Dataset excerpt
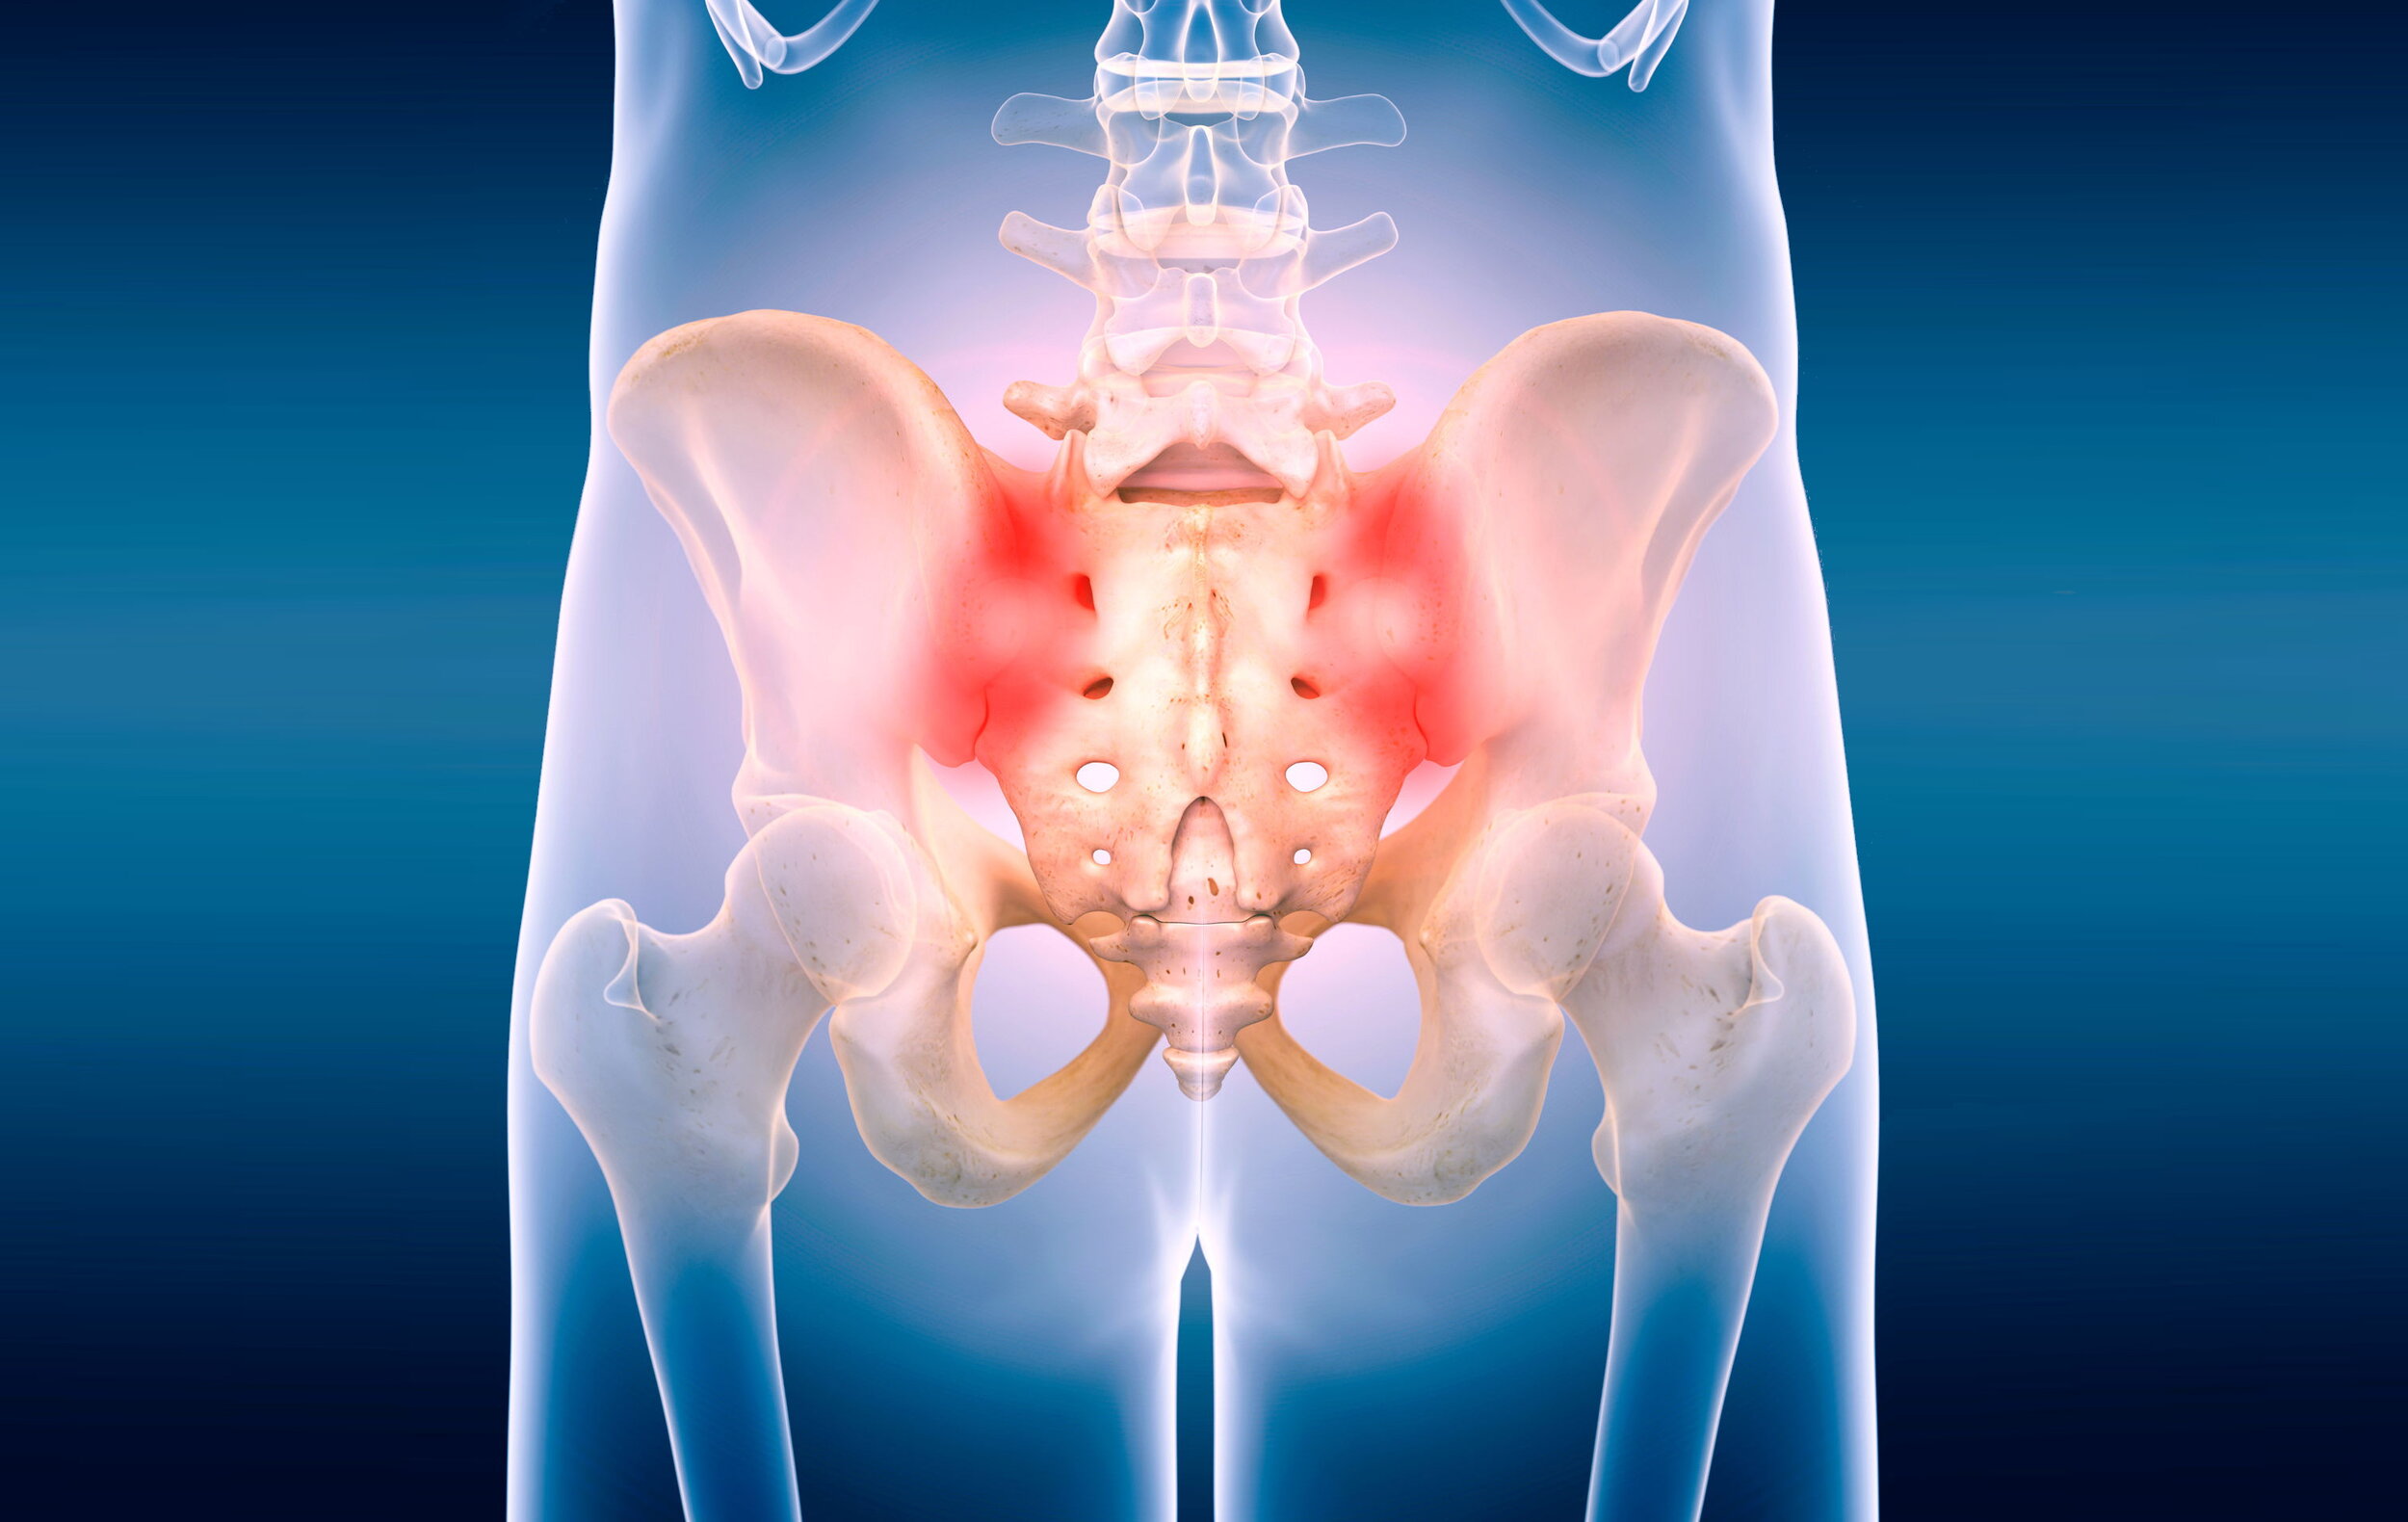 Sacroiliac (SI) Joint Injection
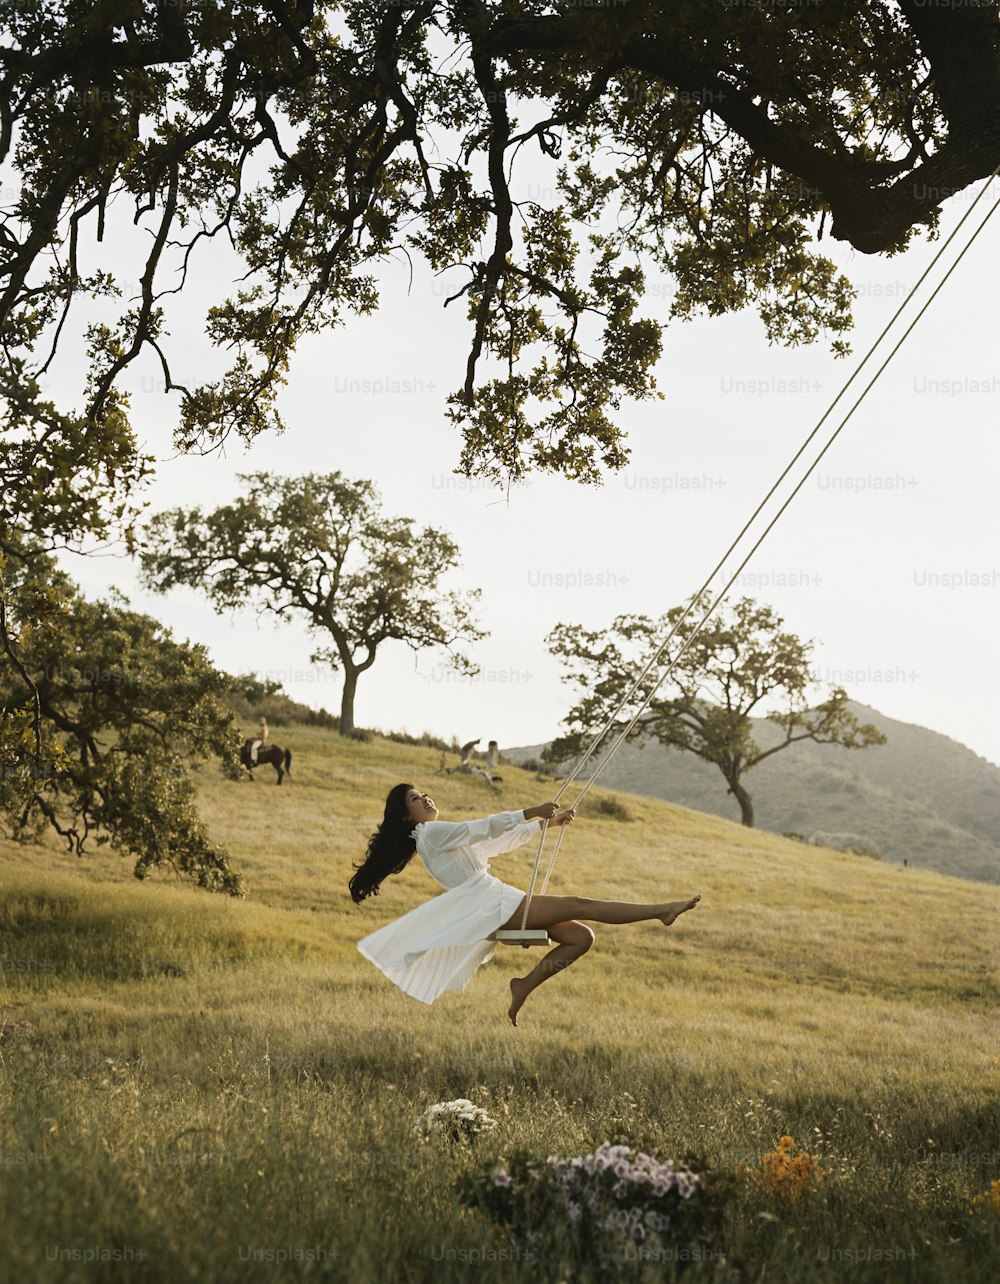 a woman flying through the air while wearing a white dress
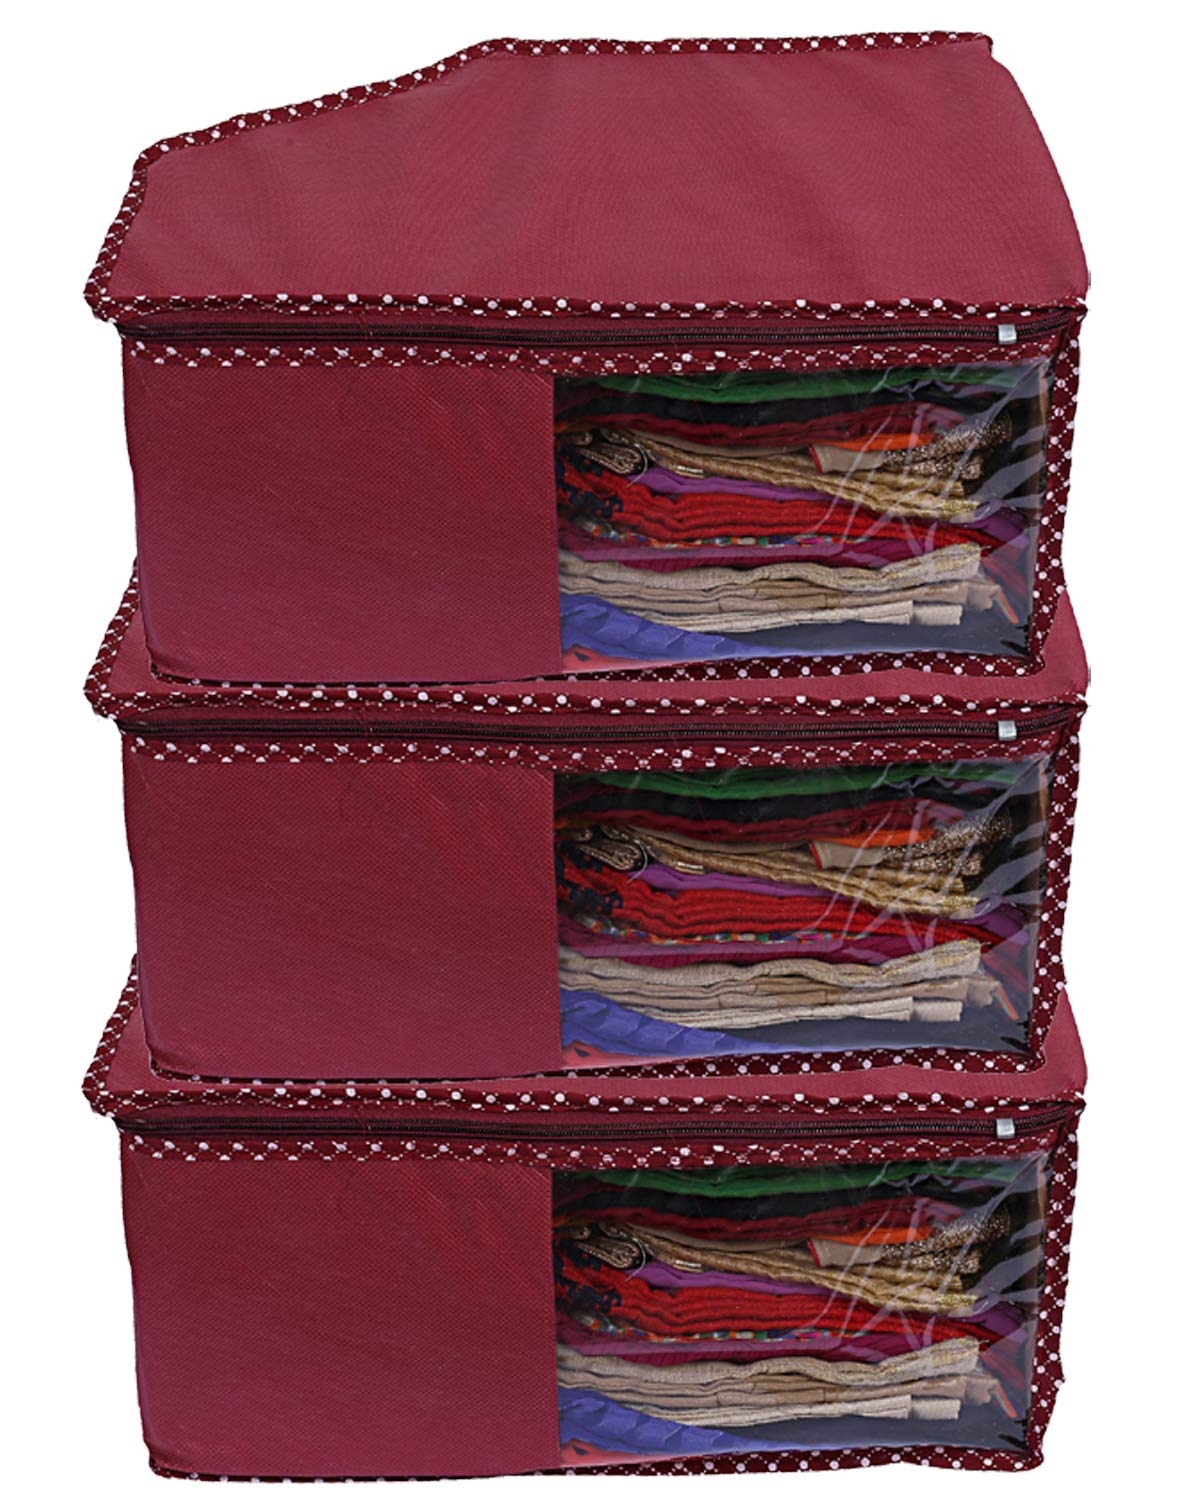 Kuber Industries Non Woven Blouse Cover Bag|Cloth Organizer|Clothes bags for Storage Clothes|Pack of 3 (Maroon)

What to do
Transcribe all the data word for word; the images stay out.

Result of the exercise
 Sacroiliac (SI) Joint Injection
 a woman flying through the air while wearing a white dress
 Kuber Industries Non Woven Blouse Cover Bag|Cloth Organizer|Clothes bags for Storage Clothes|Pack of 3 (Maroon)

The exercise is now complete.